* **The task**
Only the lines from the one with "Phorta (handwrighting typeface)" through the end of the data below belong in the answer, restated word for word, pictures excluded.

*** Stored data Section Begins ***

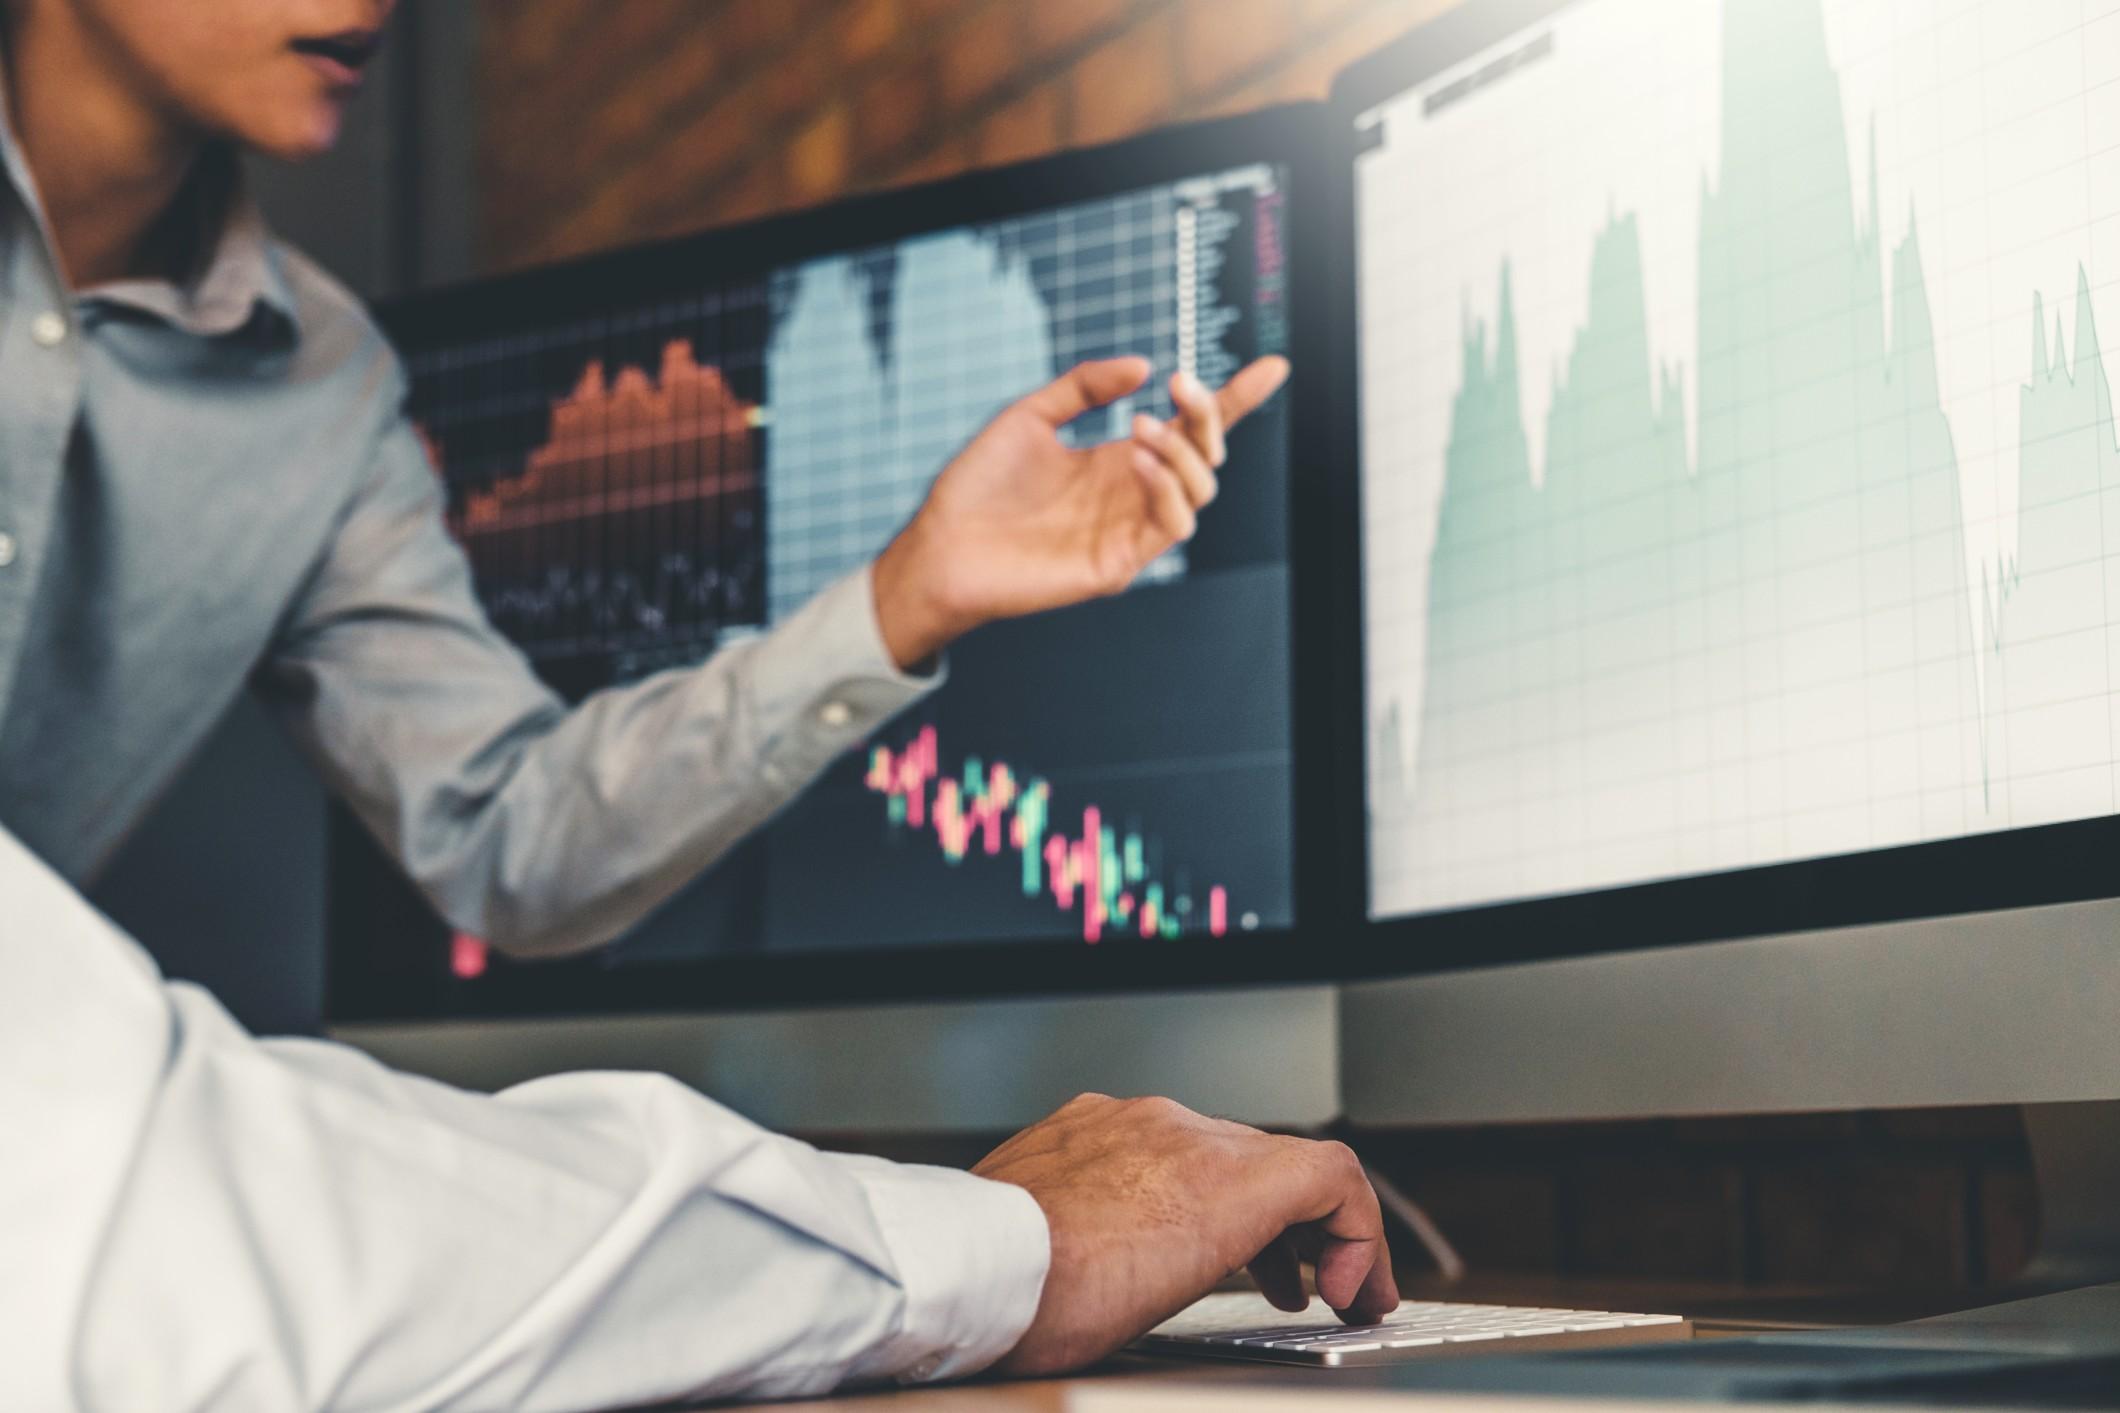 Tipp: Aktuelle Kurse verfolgen & in Aktien investieren! Bild:@penvipada151 via Twenty20
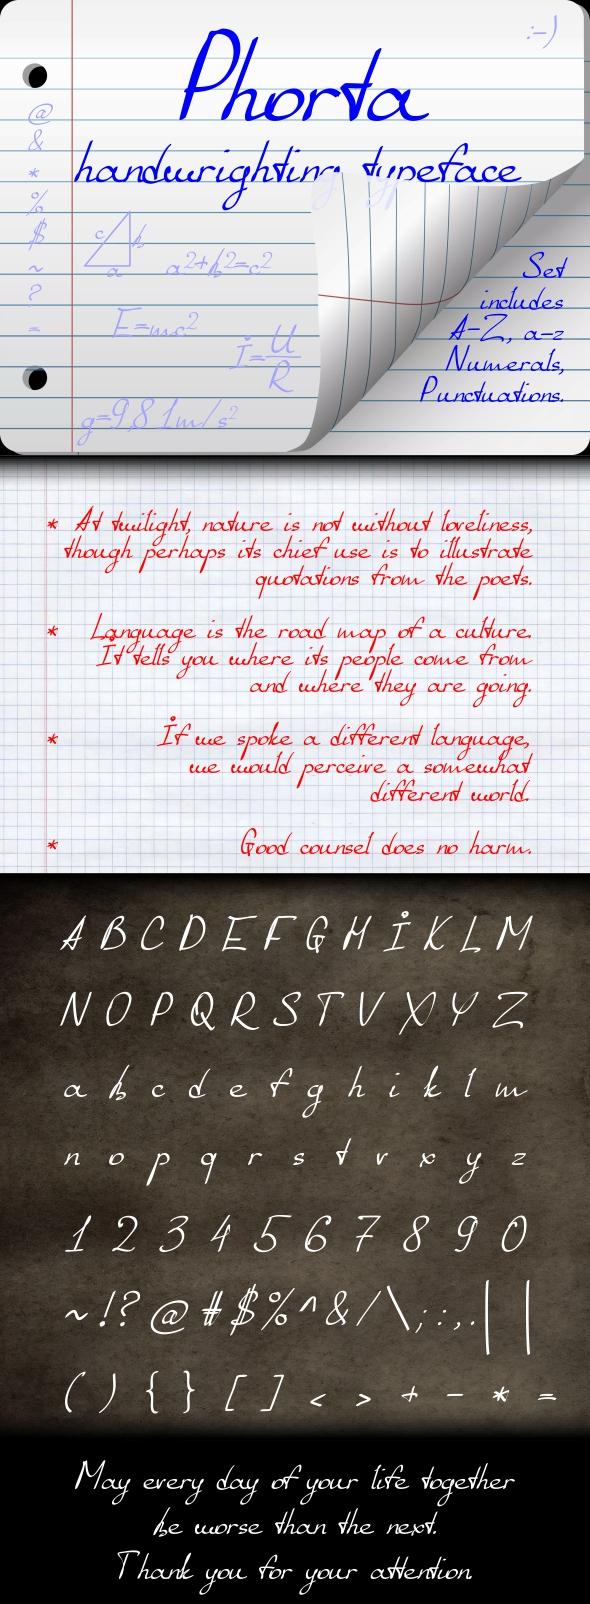 Phorta (handwrighting typeface) - Hand-writing Script
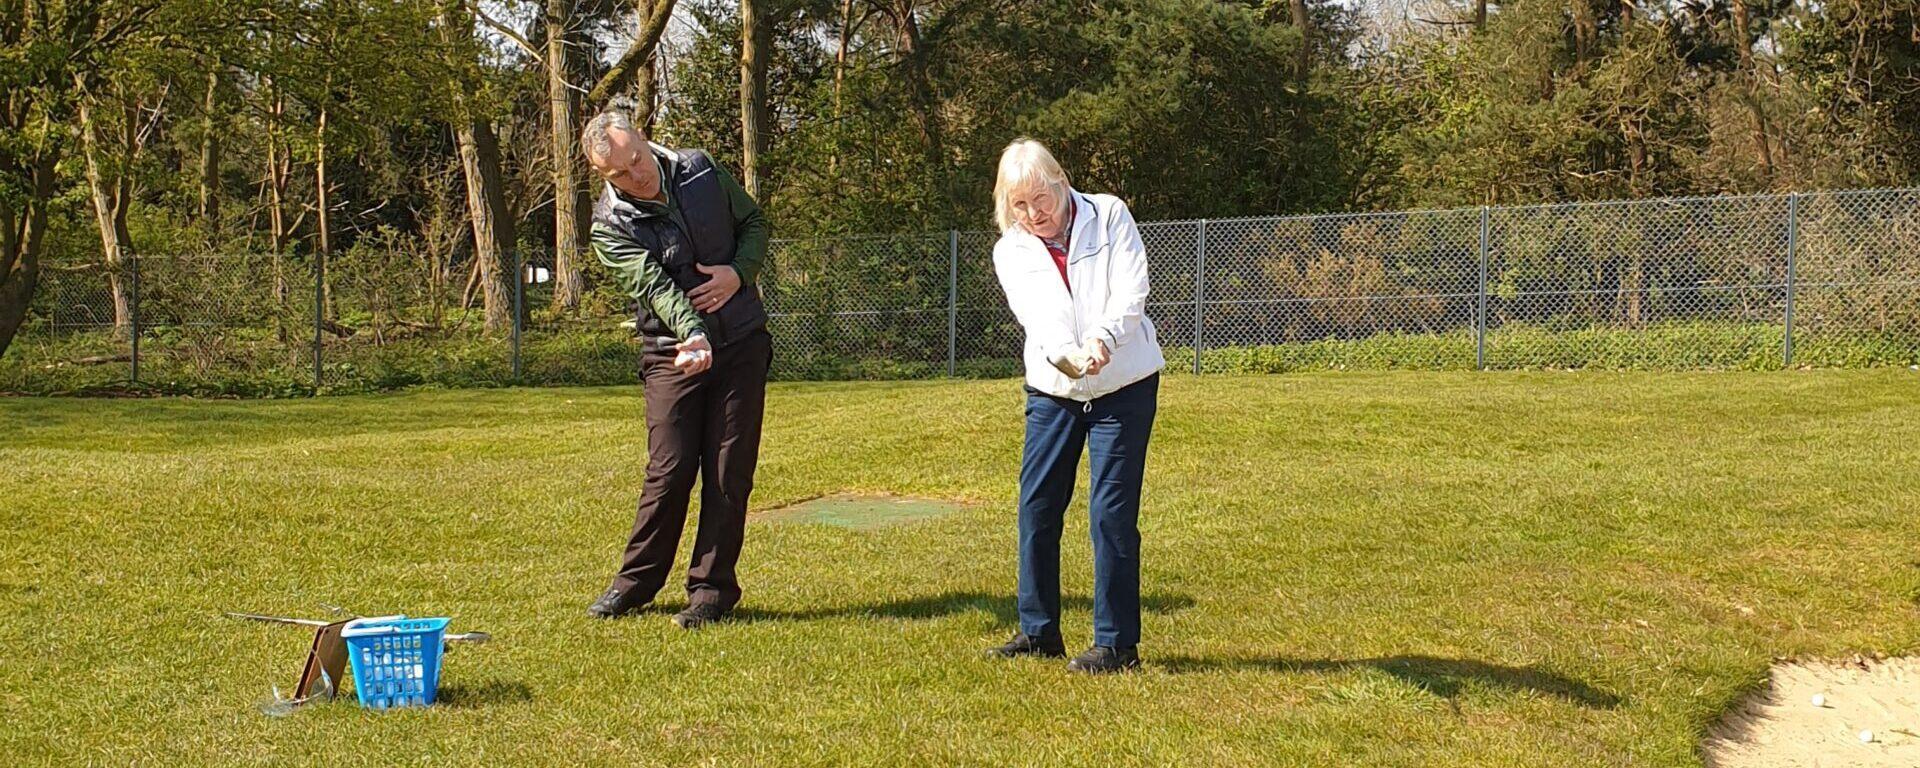 Golf Lesson Peter Field Golf Shop Norwich Norfolk

*** Stored data Section Ends ***

* **Answer to the problem**
 Phorta (handwrighting typeface) - Hand-writing Script
 Golf Lesson Peter Field Golf Shop Norwich Norfolk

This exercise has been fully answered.